───── Supplied information ─────
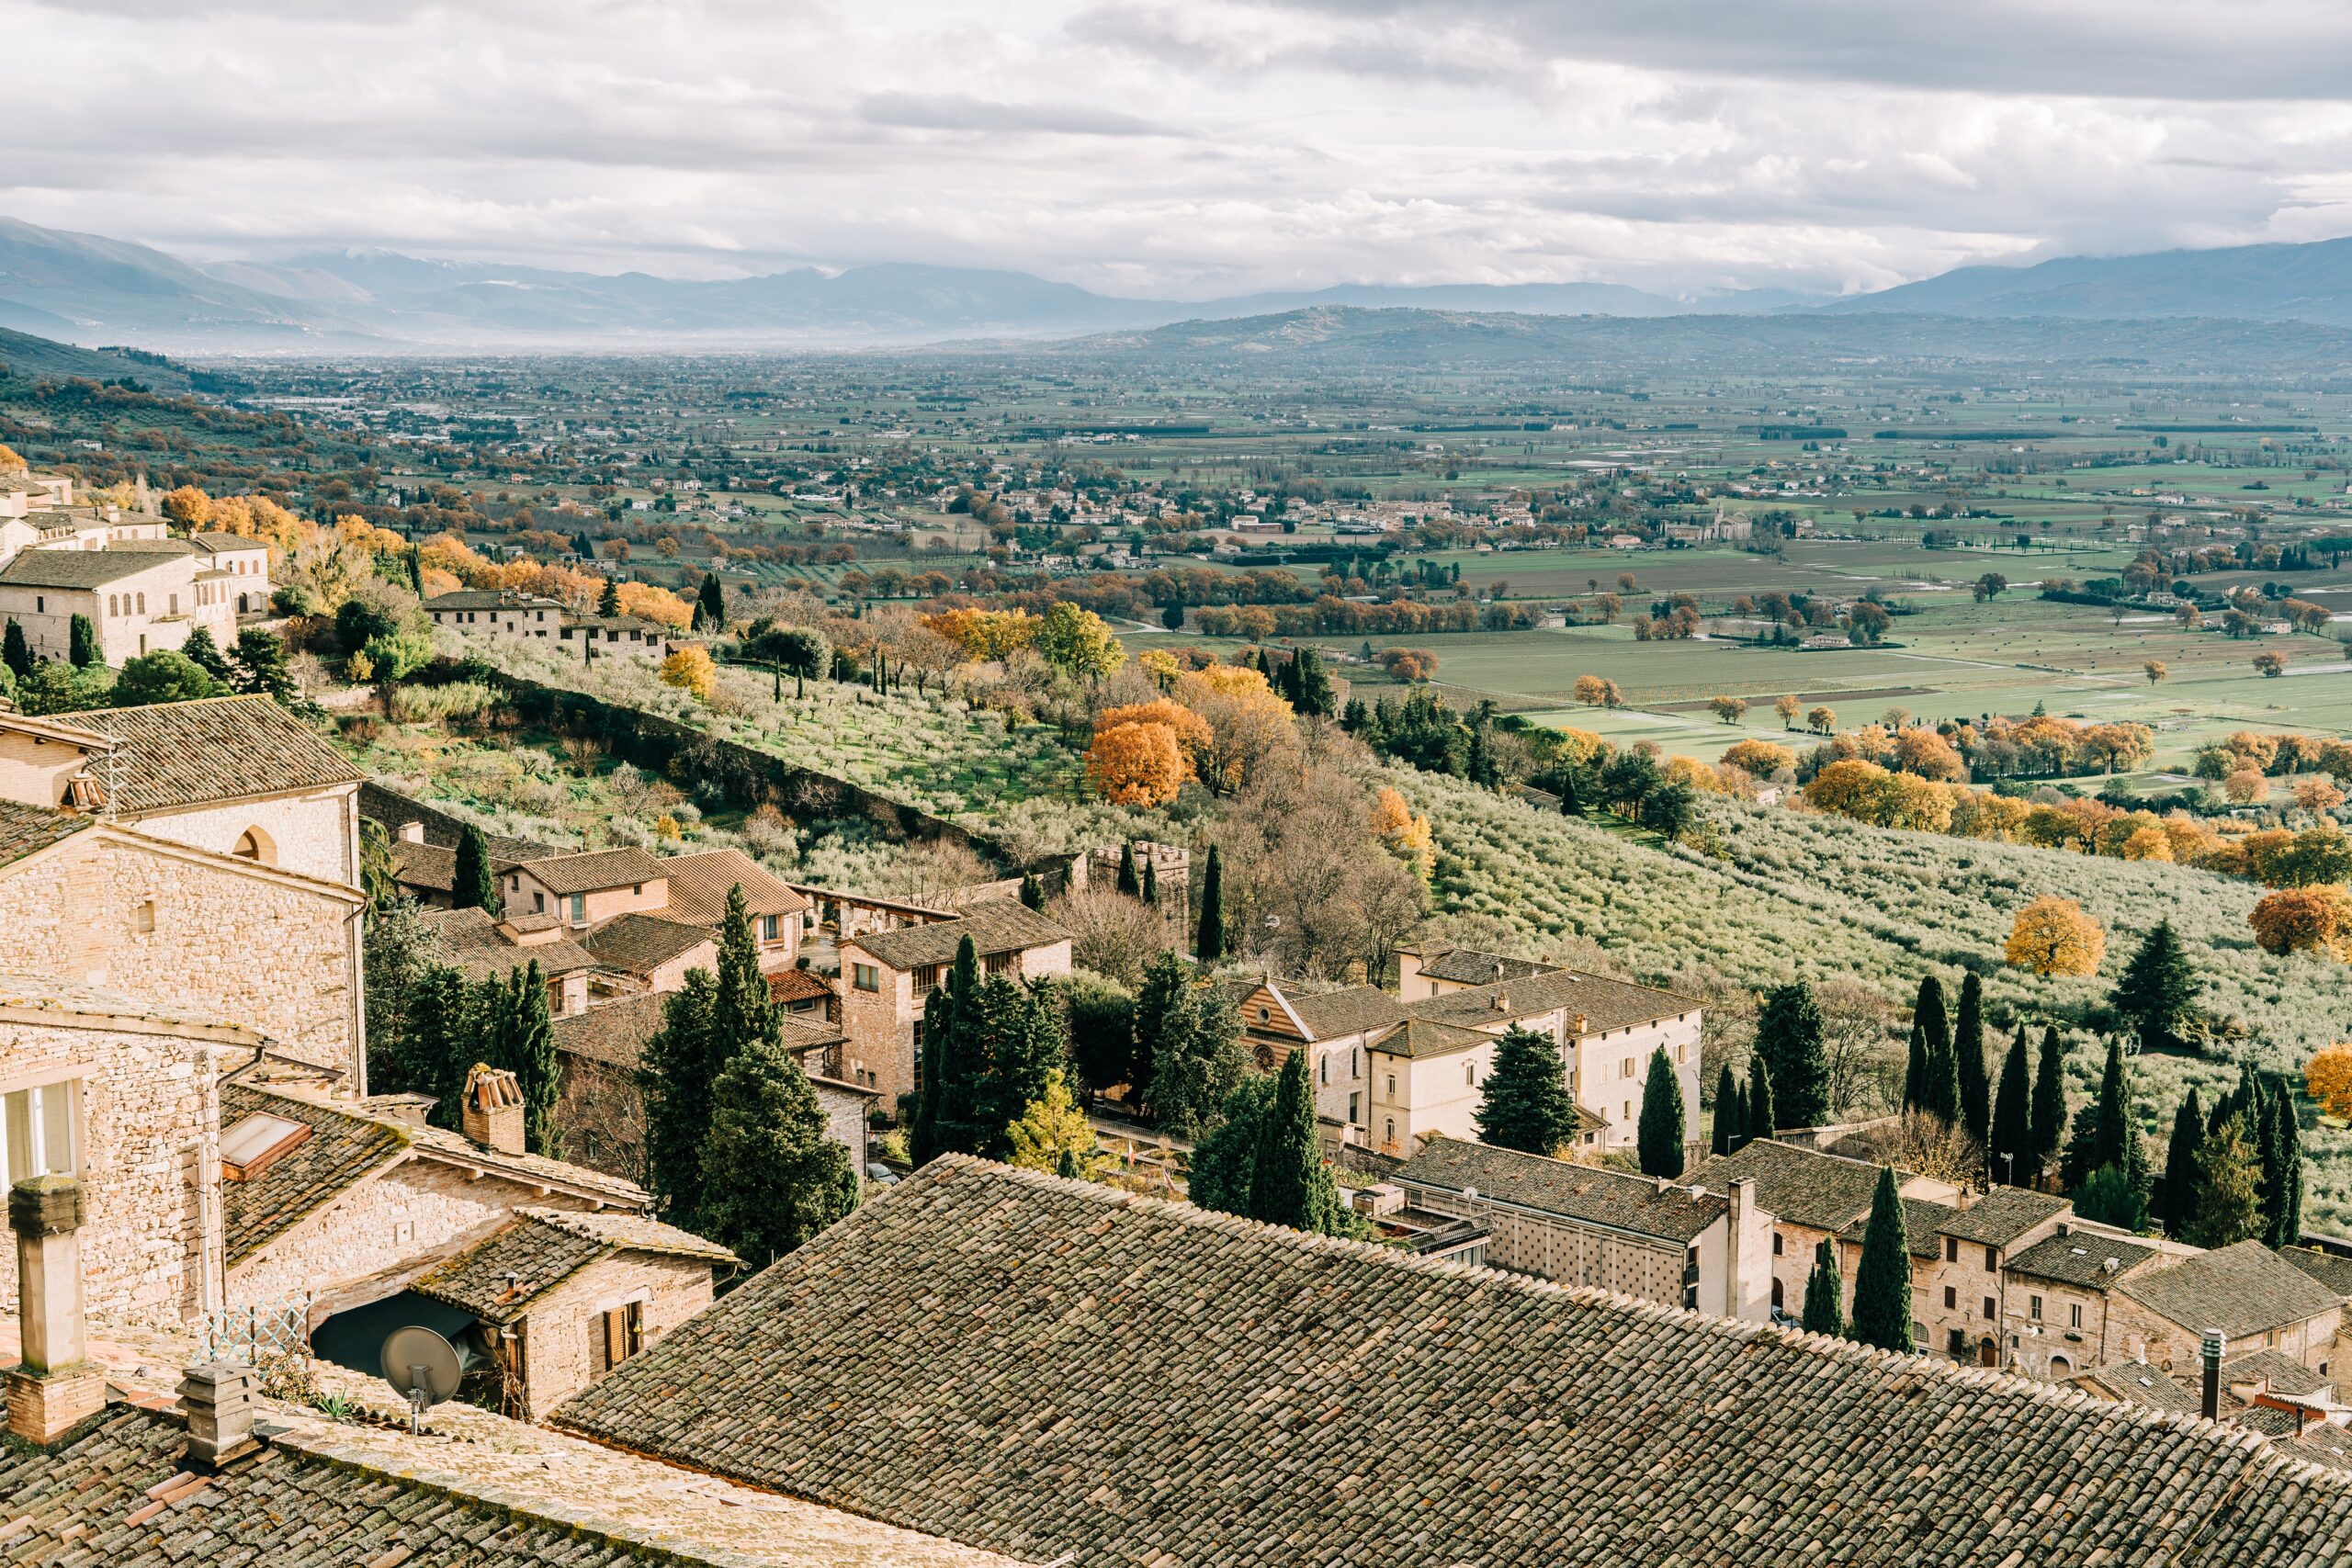 Umbria is a historic region of Italy's countryside. 
pictured: An overlooking view of a village of Umbria, Italy with expansive green land  
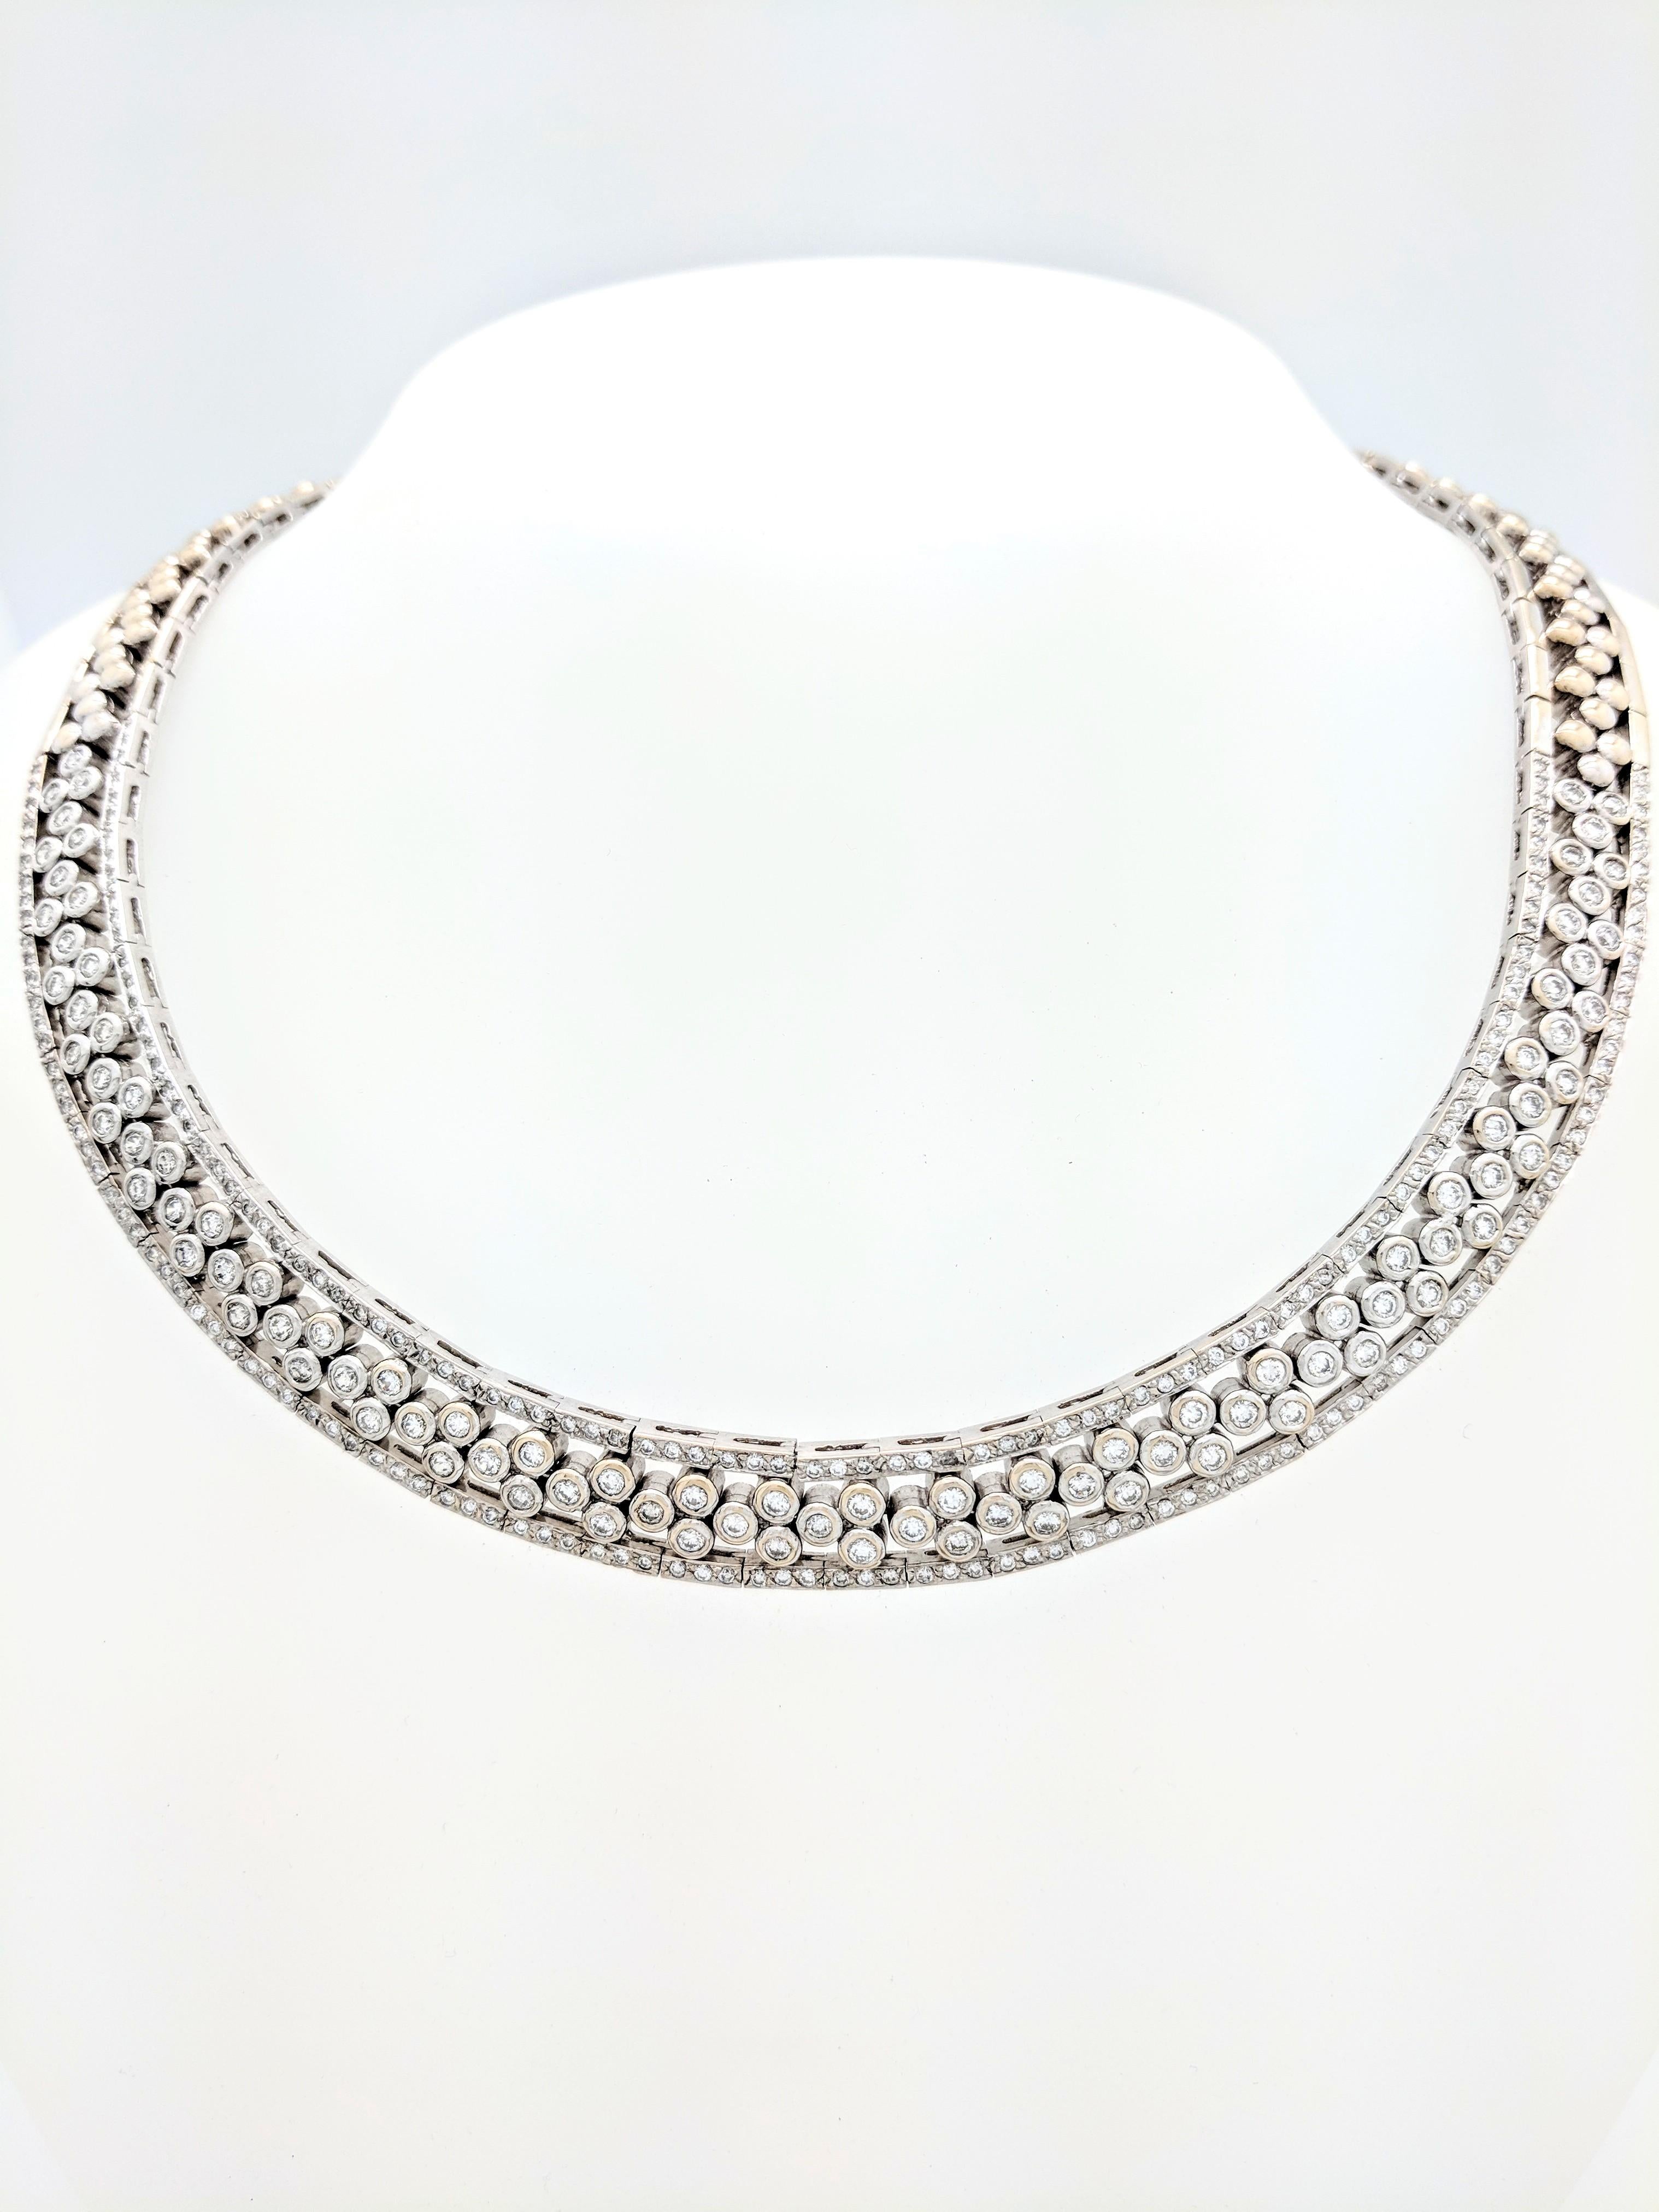 You are viewing a beautiful bezel & pave set diamond choker necklace.

This necklace is crafted from 18k white gold and weighs 104 grams. It features 93 .05ct.  natural round brilliant cut bezel set diamonds and 198 .01ct. natural round brilliant
─────
What is expected: What is needed is a word-for-word restatement of the lines from the one holding "pictured: An overlooking" to the final line of the data above, inclusive, without any pictures.

Exercise output:
pictured: An overlooking view of a village of Umbria, Italy with expansive green land  
 You are viewing a beautiful bezel & pave set diamond choker necklace.

This necklace is crafted from 18k white gold and weighs 104 grams. It features 93 .05ct.  natural round brilliant cut bezel set diamonds and 198 .01ct. natural round brilliant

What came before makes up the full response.